- **Problem to work on**:
Within the listing below, the lines to output run from the one containing "スモッグ嫌い勇者日本オリーブ オリーブマノン 化粧用オリーブオイル<化粧用油>4ml" through the one containing "2019_Partita Arabia"; copy them exactly and nothing else.

- **Data under study**:

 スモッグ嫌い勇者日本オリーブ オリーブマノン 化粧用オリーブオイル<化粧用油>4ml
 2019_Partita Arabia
...
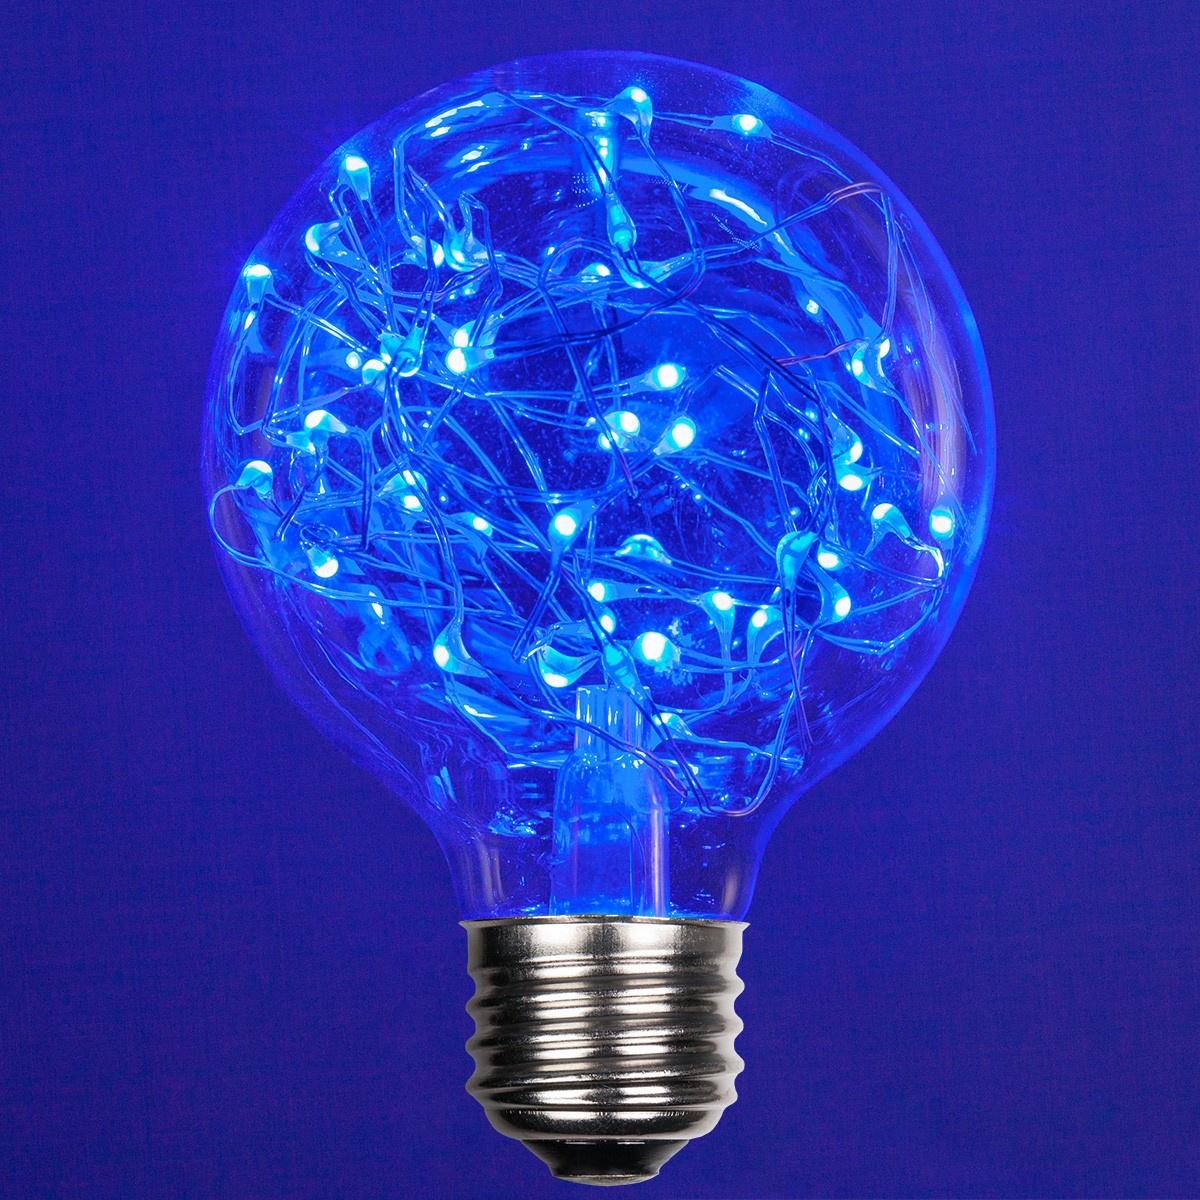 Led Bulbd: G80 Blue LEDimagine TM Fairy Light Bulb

- **Answer box**:
 スモッグ嫌い勇者日本オリーブ オリーブマノン 化粧用オリーブオイル<化粧用油>4ml
 2019_Partita Arabia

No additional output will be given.